In KNN classification, a test point is classified by determining the $K$ closest points in the training data, and then assigning it the most common class among these neighbours.

**Question:** Using NumPy, write a function `knn_predict` taking arguments `X_new`, `X_train`, `y_train` and `K`. The `X_train` and `y_train` arguments should be the training set inputs and outputs, respectively. The `X_new` argument is an unseen set on which predictions should be performed; it's shape will be `[N_new, D]` where `N_new` is the number of unseen points and `D` is the dimensionality of a single input (2 in this case). `K` is the number of neighbours that should be considered to make the KNN prediction. Use the `Euclidean` distance metric.
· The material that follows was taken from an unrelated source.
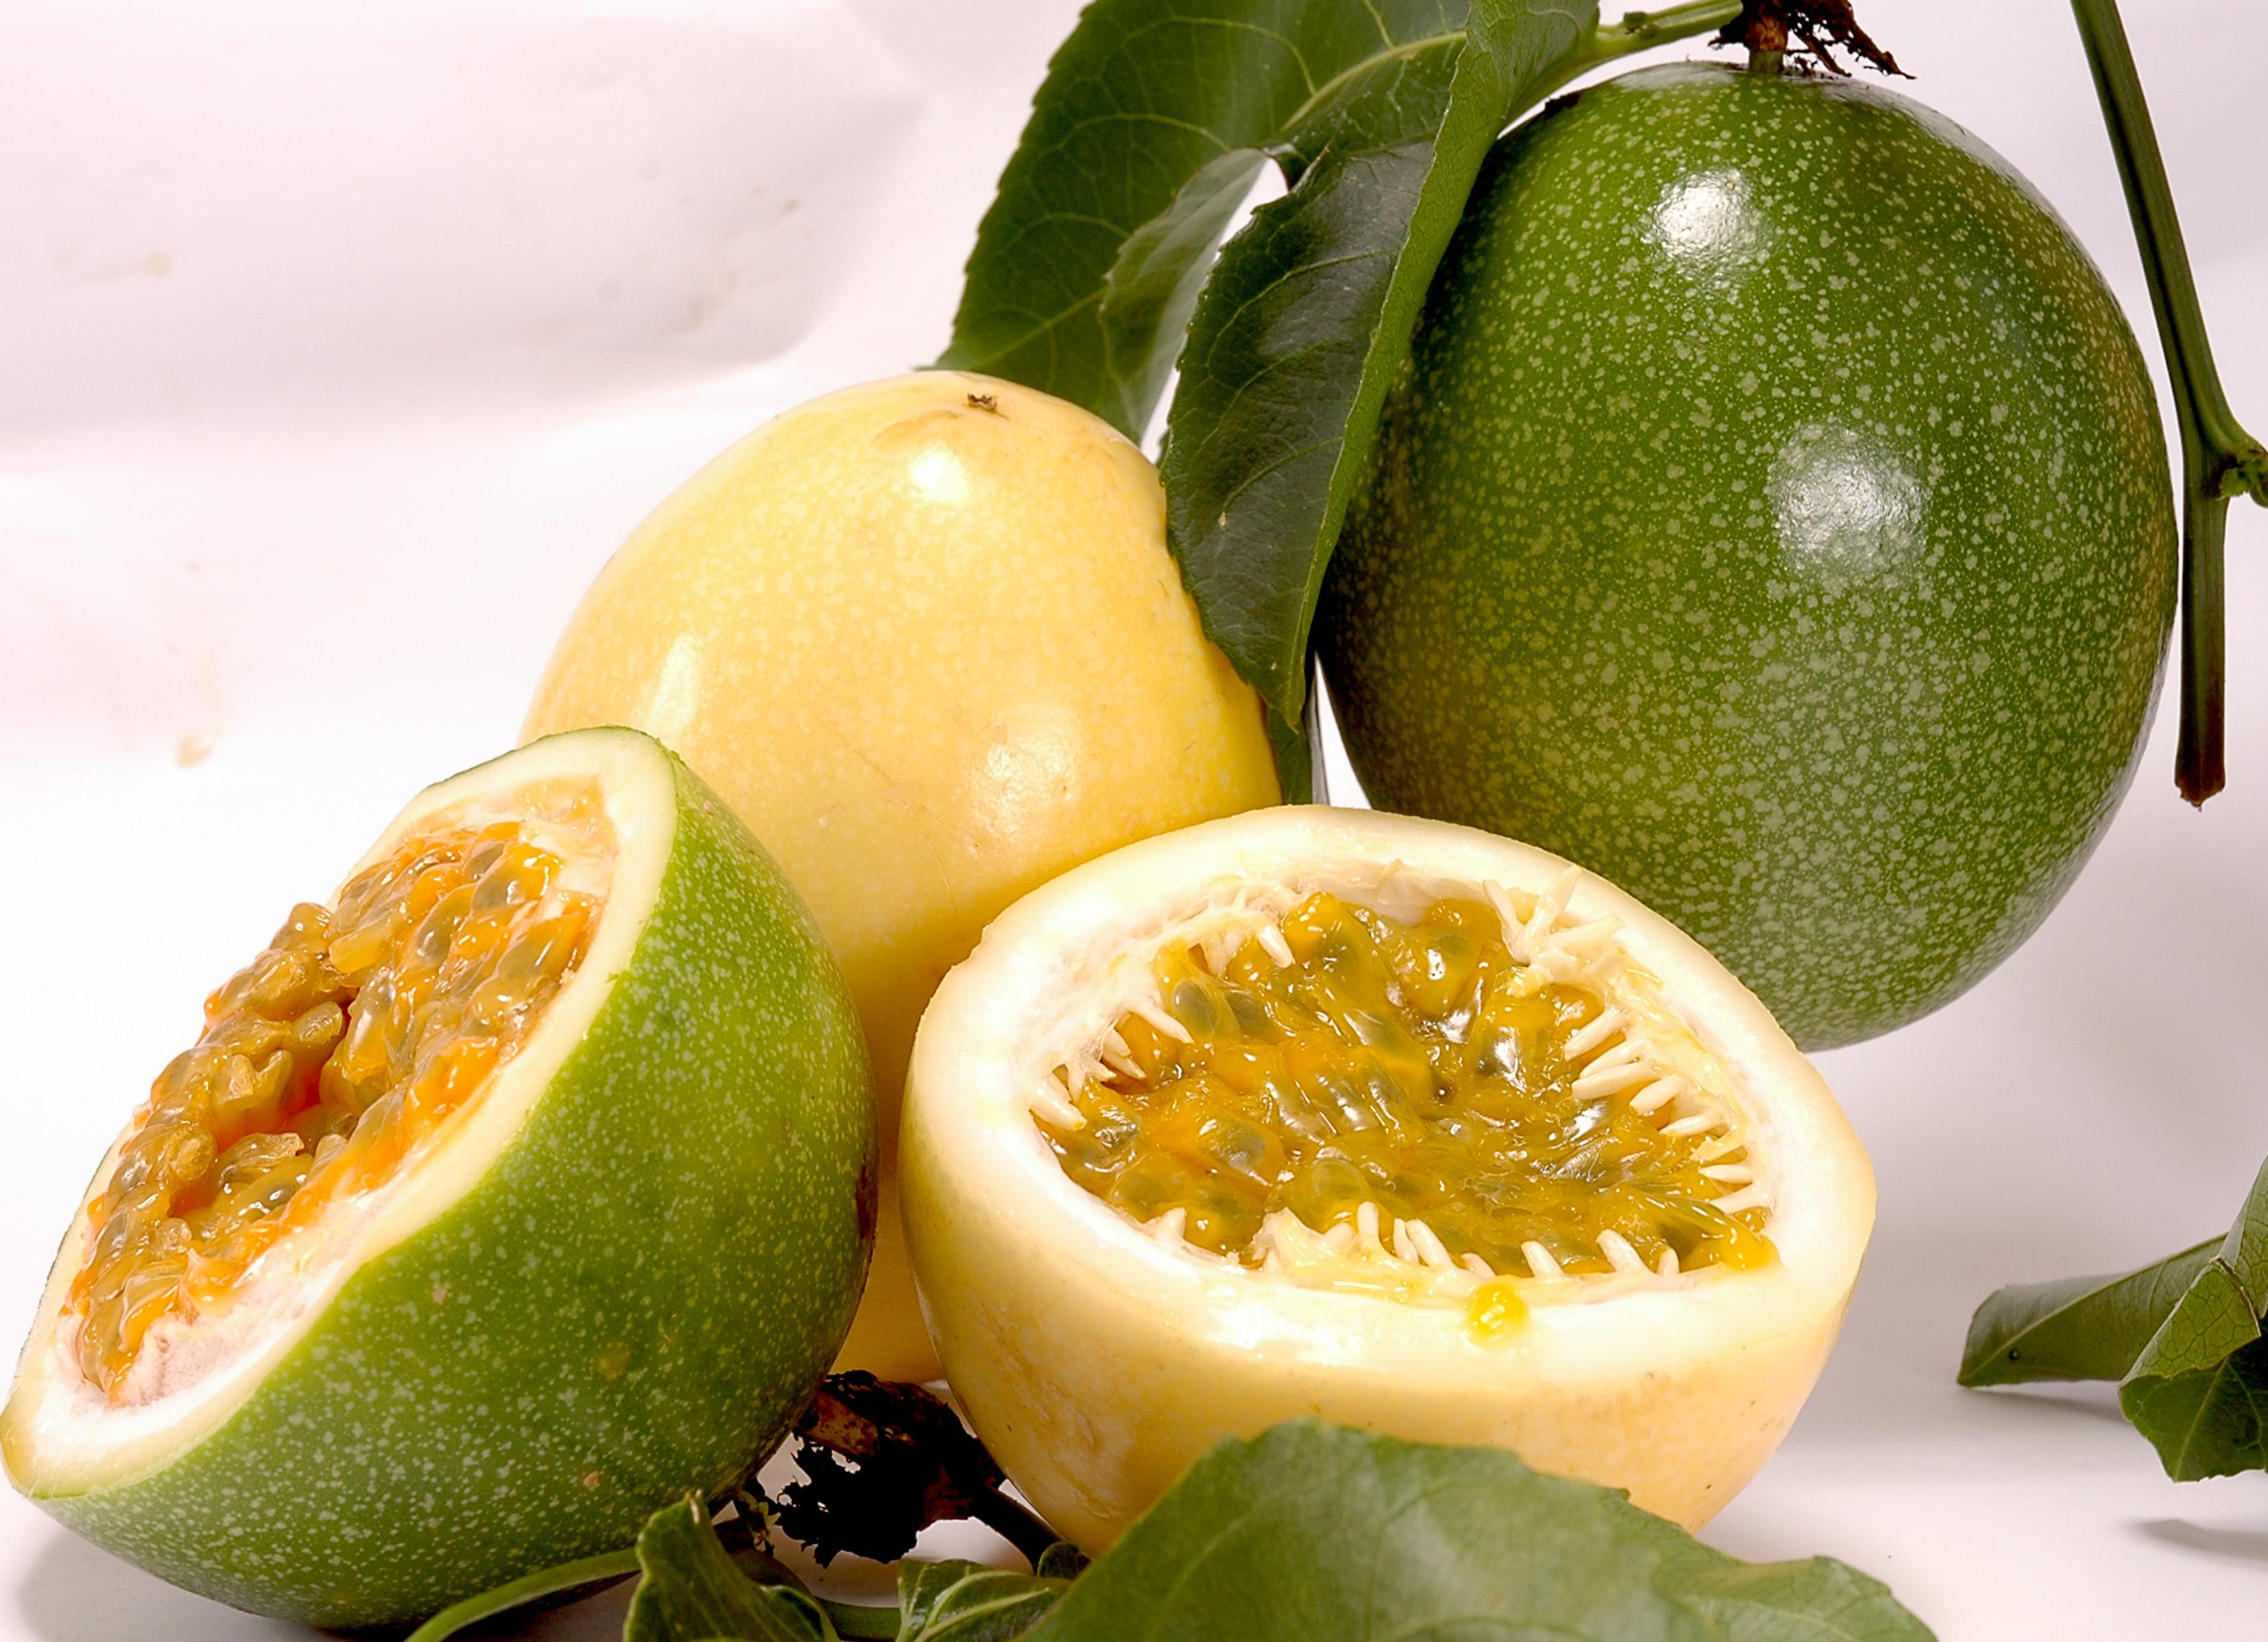 sebrae mercados, cultivo e mercado do maracujá

The function should return a single vector with `N_new` predictions of either 0 (do not default) or 1 (default).  
*Hint:* Several functions can be useful here, including `scipy.spatial.distance.cdist`, `np.argsort`, `np.mean` and `np.where`.

In [None]:
# Answer: Complete the function

def knn_predict(X_new, X_train, y_train, K=1):
    pass

**Questions:**
- Apply your `knn_predict` function to the validation data with $K = 1$.
- Calculate the validation accuracy.
- Apply your `knn_predict` function to the first 1000 entries in the training data, again with $K = 1$. Before running the code, what do you guess this training accuracy will be?
- Change the value of $K$ and observe the effects on both the validation and training accuracies.

In [None]:

# Answer: Add code and new cells here


$K$ can be seen as a regularisation parameter, with a higher $K$ resulting in a smoother decision boundary while a lower $K$ results in a prediction which is closer to the training data.

**Question:** To illustrate this, vary $K$ from 1 to 15 and calculate the validation and training accuracies as  above. Then plot the validation and training accuracies on a single plot with $K$ on the $x$-axis and accuracy on the $y$-axis. What do you observe? What value of $K$ should you use on the held-out test data?  
*Note:* Depending on your implementation of KNN, it might take a while to calculate all these accuracies.

In [None]:

# Answer: Add code and new cells here


Scikit-learn also has a `KNeighborsClassifier` class in `sklearn.neighbors`, which you can use from this point onwards. This is (probably) a more efficient implementation than your own, includes a number of extensions, and allows for data with more than just two classes.

## 2. Logistic regression

In this section, you will build a logistic regression model to predict whether a student is admitted to a university or not. Suppose that you are the administrator of the university and you have to determine each applicant's chance of admission based on their results on two exams. You have historical data from previous applicants that you can use as training data. For each training example, you have the applicant’s scores on the two exams and the admissions decision. Your task is to build a classifier that estimates an applicant’s probability of admission based the scores from these two exams.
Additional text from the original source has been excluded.